EXERCISE >> Among the entries below, the lines from the one with "F*cken angry cyclist" up to and including the one with "Close-up of a" are to be restated exactly, without pictures.

DATA FOR ANALYSIS >>
########################################

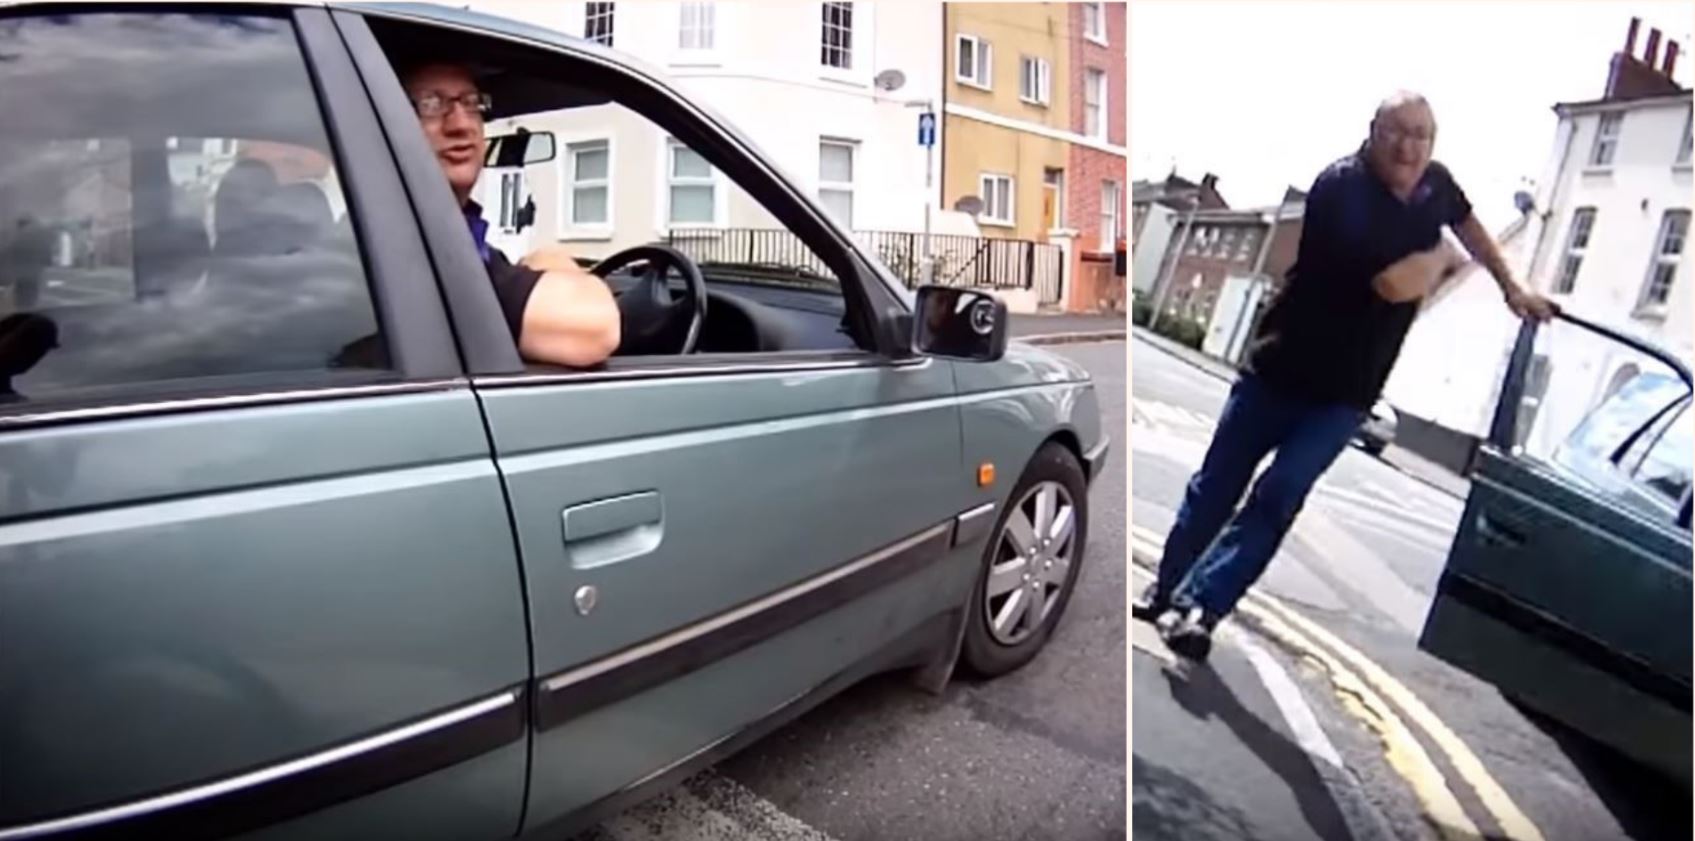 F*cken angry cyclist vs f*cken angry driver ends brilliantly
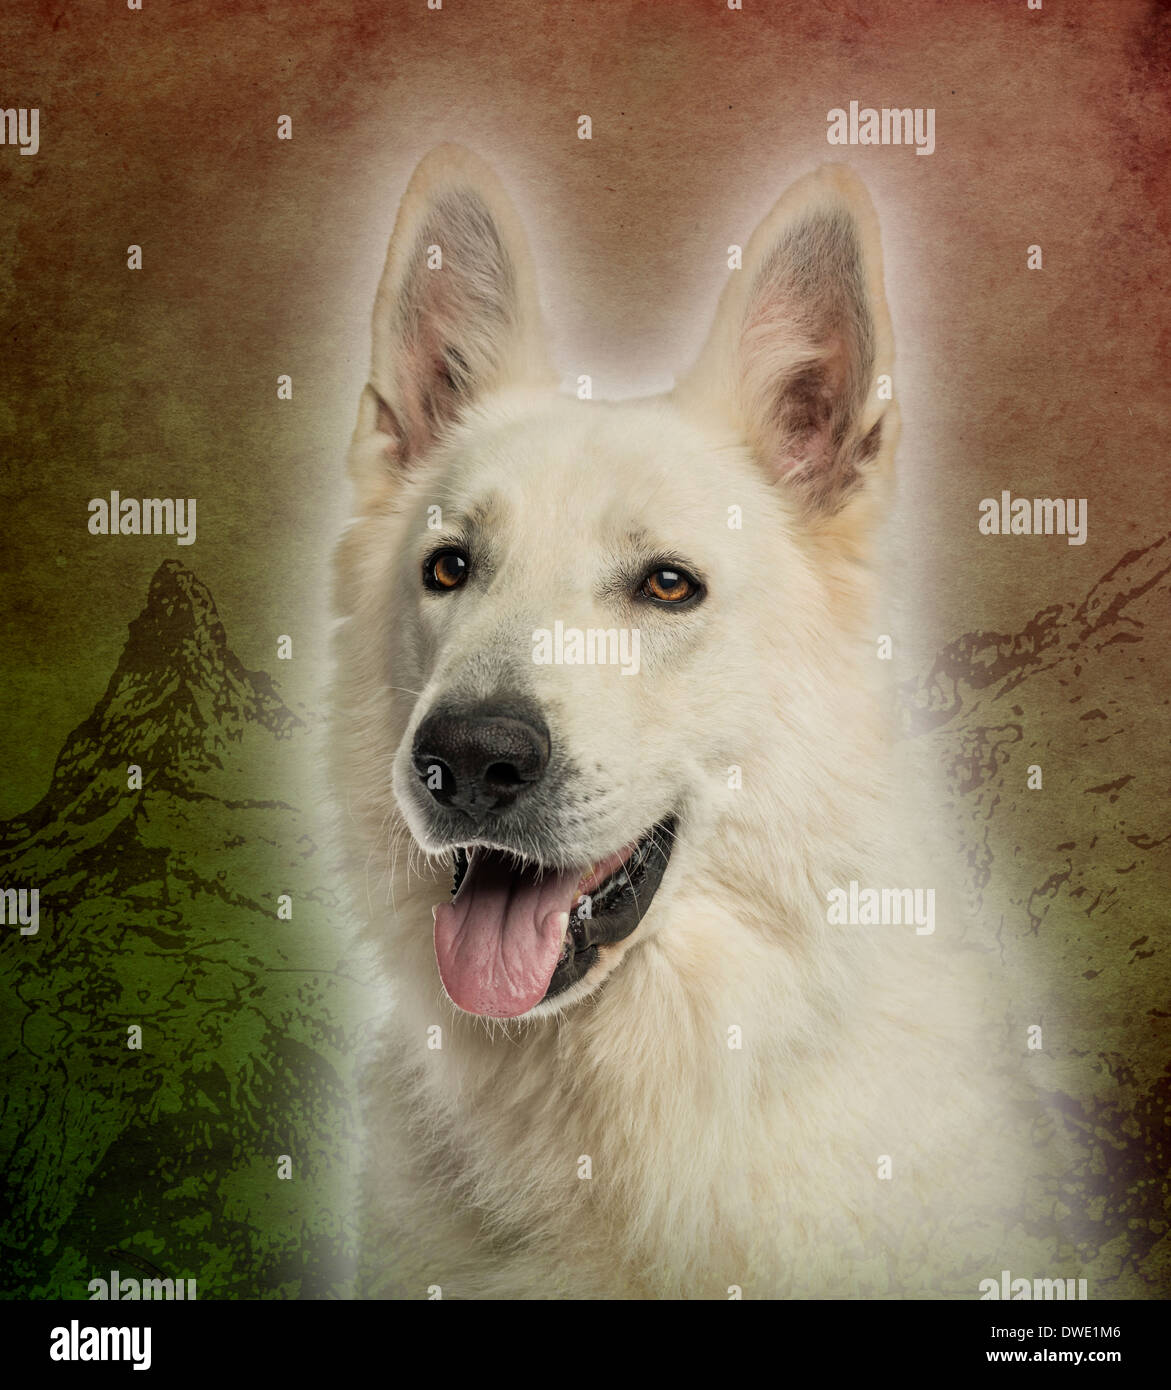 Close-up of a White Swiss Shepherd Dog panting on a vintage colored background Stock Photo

########################################

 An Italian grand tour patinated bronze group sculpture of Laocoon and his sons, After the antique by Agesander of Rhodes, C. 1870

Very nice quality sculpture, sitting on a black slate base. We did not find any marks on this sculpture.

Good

########################################

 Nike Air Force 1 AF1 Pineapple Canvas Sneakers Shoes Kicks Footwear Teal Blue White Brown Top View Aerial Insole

########################################

WRITTEN ANSWER >>
 F*cken angry cyclist vs f*cken angry driver ends brilliantly
 Close-up of a White Swiss Shepherd Dog panting on a vintage colored background Stock Photo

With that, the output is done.